Winston, who was raised in New York City and attended Stuyvesant High School, received a degree from the University of Pennsylvania and a Doctor of Medicine from the Mount Sinai School of Medicine. He completed an anesthesiology residency at the University of Florida College of Medicine. Dr. Winston was a professor of anesthesiology at Emory University and The University of California and was appointed to the Georgia Board of Medical Examiners by Governor Zell Miller. Dr. Winston founded LaserAway, LLC in Los Angeles, California; the company specializes in the removal of tattoos, sun damage and unwanted hair. He began playing tournament poker in 2006 and now plays full-time professionally and hosts high-stakes games at the Bicycle Casino in Los Angeles, California. Winston also writes a pro blog for Card Player and is a Full Tilt Pro on Full Tilt Poker.

== World Poker Tour ==

Winston has seven cashes in the World Poker Tour (WPT), most notably his victory at the WPT Borgata Poker Open that earned him $1,575,280 and the WPT title in a final table that included professional poker players Mike Matusow (6th), Gene Todd (5th), Mark Weitzman (4th), Haralabos Voulgaris (3rd) and amateur player Heung Yoon (runner-up). Other cashes at the WPT include the 2006 L.A. Poker Classic (23rd for $39,859), the Festa Al Lago V (46th for $16,700), the 2007 Doyle Brunson Five Diamond World Poker Classic (44th for $38,545), the 2008 Borgata Winter Open (39th for $17,213), and the Bellagio Cup IV in 2008 ($32,320).

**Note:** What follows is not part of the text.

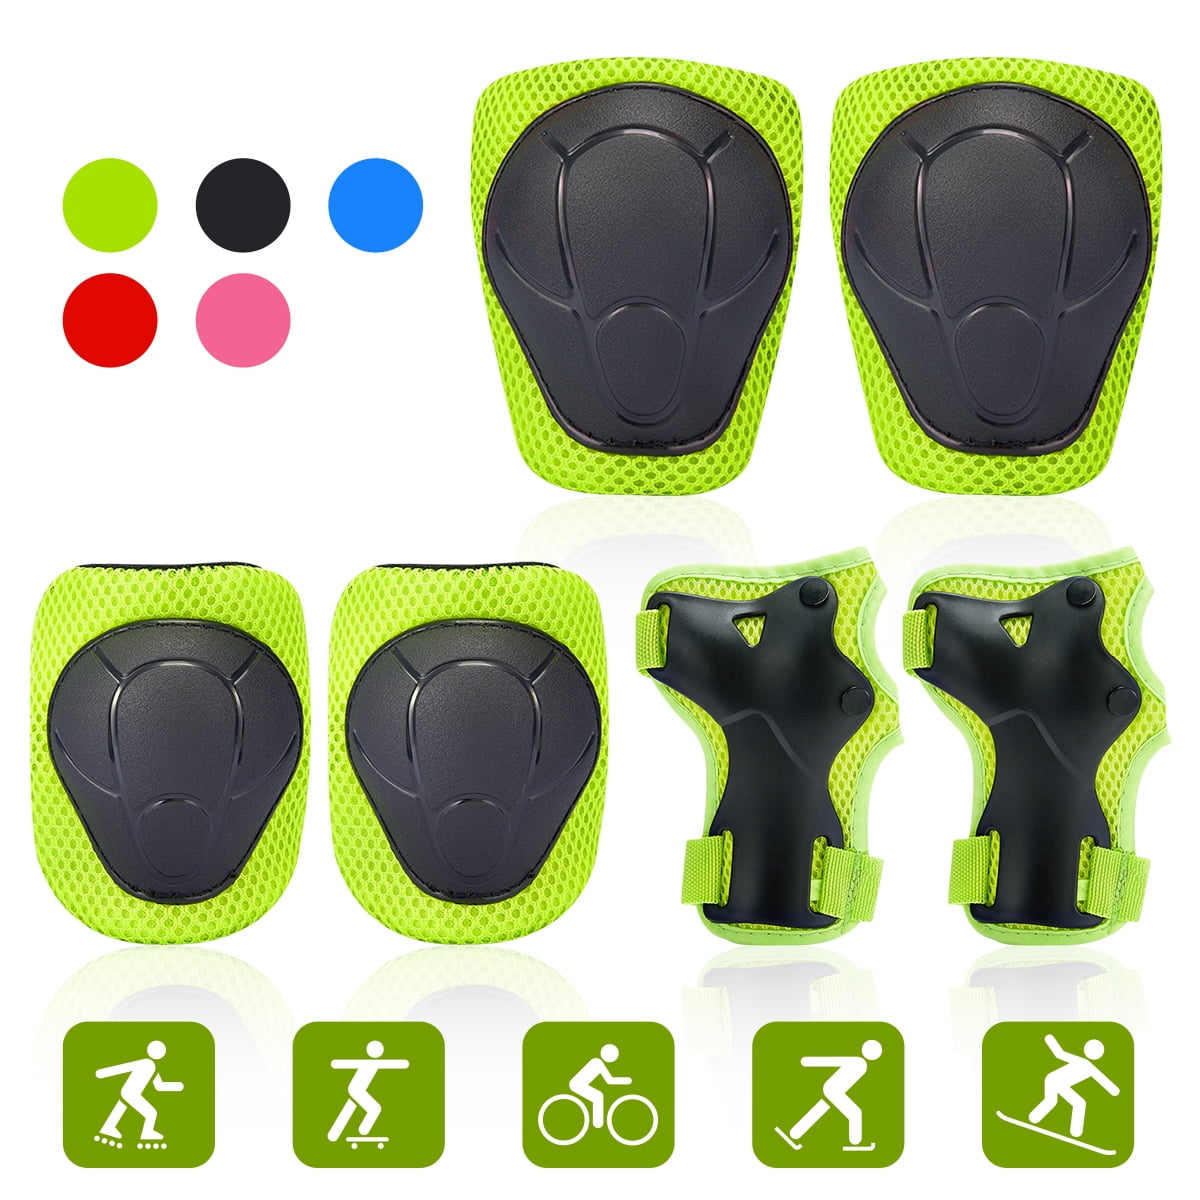 KOOVAGI Knee Pads for Kids Toddler Knee Pads and Elbow Pads Set with Wrist Guards 3 in 1,Children Protective Gear Set for Skating Riding Cycling Biking Rollerblading Scooter 3-8 Years

== World Series of Poker ==
Winston has five cashes to date at the World Series of Poker (WSOP), most notably finishing in 26th place out of a field of 6,358 entries at the 2007 World Series of Poker Main Event and earning $333,490.

== Other poker events ==
Winston won the $2,000 buy-in No Limit Hold'em event at the Doyle Brunson Five Diamond World Poker Classic, earning $230,365. He has also cashed twice at the 2008 Aussie Millions Poker Championship finishing in fourth place in the A$2,000 Pot Limit Hold'em/Omaha/Omaha Hi-Lo mixed event for A$22,800 (US$20,042) and finishing in the semi-finals at the A$5,000 Australian Heads-Up Championship for A$40,000 ($35,161).

As of 2023, his total live tournament winnings are just short of $2,700,000. His cashes at the WSOP account for just over $358,000 of those winnings.